[PROBLEM DETAILS] Print exactly what the entries say, line by line, from the first line down to the one with "EASYRIDERS PLATE COLLECTION.", inclusive.

[EXERCISE DATA]
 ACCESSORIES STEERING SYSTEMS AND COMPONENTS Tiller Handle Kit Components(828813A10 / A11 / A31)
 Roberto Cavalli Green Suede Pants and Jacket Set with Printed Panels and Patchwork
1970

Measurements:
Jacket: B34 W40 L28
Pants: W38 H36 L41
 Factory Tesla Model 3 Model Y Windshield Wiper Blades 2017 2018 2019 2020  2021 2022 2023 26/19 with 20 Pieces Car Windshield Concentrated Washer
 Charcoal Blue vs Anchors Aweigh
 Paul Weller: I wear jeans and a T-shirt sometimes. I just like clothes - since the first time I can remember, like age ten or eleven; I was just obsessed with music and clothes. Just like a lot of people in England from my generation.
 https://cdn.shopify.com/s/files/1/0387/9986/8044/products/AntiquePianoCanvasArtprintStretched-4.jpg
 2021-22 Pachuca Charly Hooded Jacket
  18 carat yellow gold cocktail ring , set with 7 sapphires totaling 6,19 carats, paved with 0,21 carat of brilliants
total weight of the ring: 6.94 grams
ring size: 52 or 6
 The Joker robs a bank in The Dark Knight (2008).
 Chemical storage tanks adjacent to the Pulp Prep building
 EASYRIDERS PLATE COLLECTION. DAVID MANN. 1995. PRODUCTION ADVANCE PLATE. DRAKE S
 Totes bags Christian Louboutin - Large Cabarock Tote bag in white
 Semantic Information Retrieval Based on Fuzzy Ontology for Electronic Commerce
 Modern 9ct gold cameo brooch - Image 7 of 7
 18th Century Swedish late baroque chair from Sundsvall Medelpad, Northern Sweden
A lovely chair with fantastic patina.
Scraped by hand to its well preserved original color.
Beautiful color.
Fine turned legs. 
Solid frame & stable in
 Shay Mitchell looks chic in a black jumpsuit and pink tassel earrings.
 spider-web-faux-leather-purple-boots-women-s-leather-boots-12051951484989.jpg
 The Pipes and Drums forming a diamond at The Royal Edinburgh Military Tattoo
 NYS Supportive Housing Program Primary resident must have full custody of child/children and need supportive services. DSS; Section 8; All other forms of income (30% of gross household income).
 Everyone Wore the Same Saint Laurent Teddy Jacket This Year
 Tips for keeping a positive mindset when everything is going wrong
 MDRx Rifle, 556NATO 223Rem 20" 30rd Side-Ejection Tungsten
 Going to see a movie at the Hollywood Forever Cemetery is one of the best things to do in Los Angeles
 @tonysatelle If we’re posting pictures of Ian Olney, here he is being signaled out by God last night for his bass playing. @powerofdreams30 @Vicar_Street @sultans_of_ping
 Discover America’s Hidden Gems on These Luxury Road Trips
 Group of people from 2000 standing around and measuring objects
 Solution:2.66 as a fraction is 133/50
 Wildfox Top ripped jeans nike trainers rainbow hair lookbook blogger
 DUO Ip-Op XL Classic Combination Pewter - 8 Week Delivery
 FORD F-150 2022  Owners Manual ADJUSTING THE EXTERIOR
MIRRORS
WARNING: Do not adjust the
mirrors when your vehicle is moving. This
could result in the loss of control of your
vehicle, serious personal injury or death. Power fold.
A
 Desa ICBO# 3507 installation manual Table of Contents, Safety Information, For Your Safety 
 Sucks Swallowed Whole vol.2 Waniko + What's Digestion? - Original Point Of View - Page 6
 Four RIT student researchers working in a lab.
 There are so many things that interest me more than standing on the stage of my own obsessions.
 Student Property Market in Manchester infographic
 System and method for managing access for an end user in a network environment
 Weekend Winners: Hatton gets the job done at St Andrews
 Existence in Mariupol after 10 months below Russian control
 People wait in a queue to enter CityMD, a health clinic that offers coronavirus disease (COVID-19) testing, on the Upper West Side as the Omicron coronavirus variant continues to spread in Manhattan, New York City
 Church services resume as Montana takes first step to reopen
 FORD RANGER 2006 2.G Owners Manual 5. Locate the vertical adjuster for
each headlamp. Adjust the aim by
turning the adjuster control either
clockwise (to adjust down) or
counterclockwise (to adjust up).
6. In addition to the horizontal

[SOLUTION TO THE PROBLEM]
 ACCESSORIES STEERING SYSTEMS AND COMPONENTS Tiller Handle Kit Components(828813A10 / A11 / A31)
 Roberto Cavalli Green Suede Pants and Jacket Set with Printed Panels and Patchwork
1970

Measurements:
Jacket: B34 W40 L28
Pants: W38 H36 L41
 Factory Tesla Model 3 Model Y Windshield Wiper Blades 2017 2018 2019 2020  2021 2022 2023 26/19 with 20 Pieces Car Windshield Concentrated Washer
 Charcoal Blue vs Anchors Aweigh
 Paul Weller: I wear jeans and a T-shirt sometimes. I just like clothes - since the first time I can remember, like age ten or eleven; I was just obsessed with music and clothes. Just like a lot of people in England from my generation.
 https://cdn.shopify.com/s/files/1/0387/9986/8044/products/AntiquePianoCanvasArtprintStretched-4.jpg
 2021-22 Pachuca Charly Hooded Jacket
  18 carat yellow gold cocktail ring , set with 7 sapphires totaling 6,19 carats, paved with 0,21 carat of brilliants
total weight of the ring: 6.94 grams
ring size: 52 or 6
 The Joker robs a bank in The Dark Knight (2008).
 Chemical storage tanks adjacent to the Pulp Prep building
 EASYRIDERS PLATE COLLECTION. DAVID MANN. 1995. PRODUCTION ADVANCE PLATE. DRAKE S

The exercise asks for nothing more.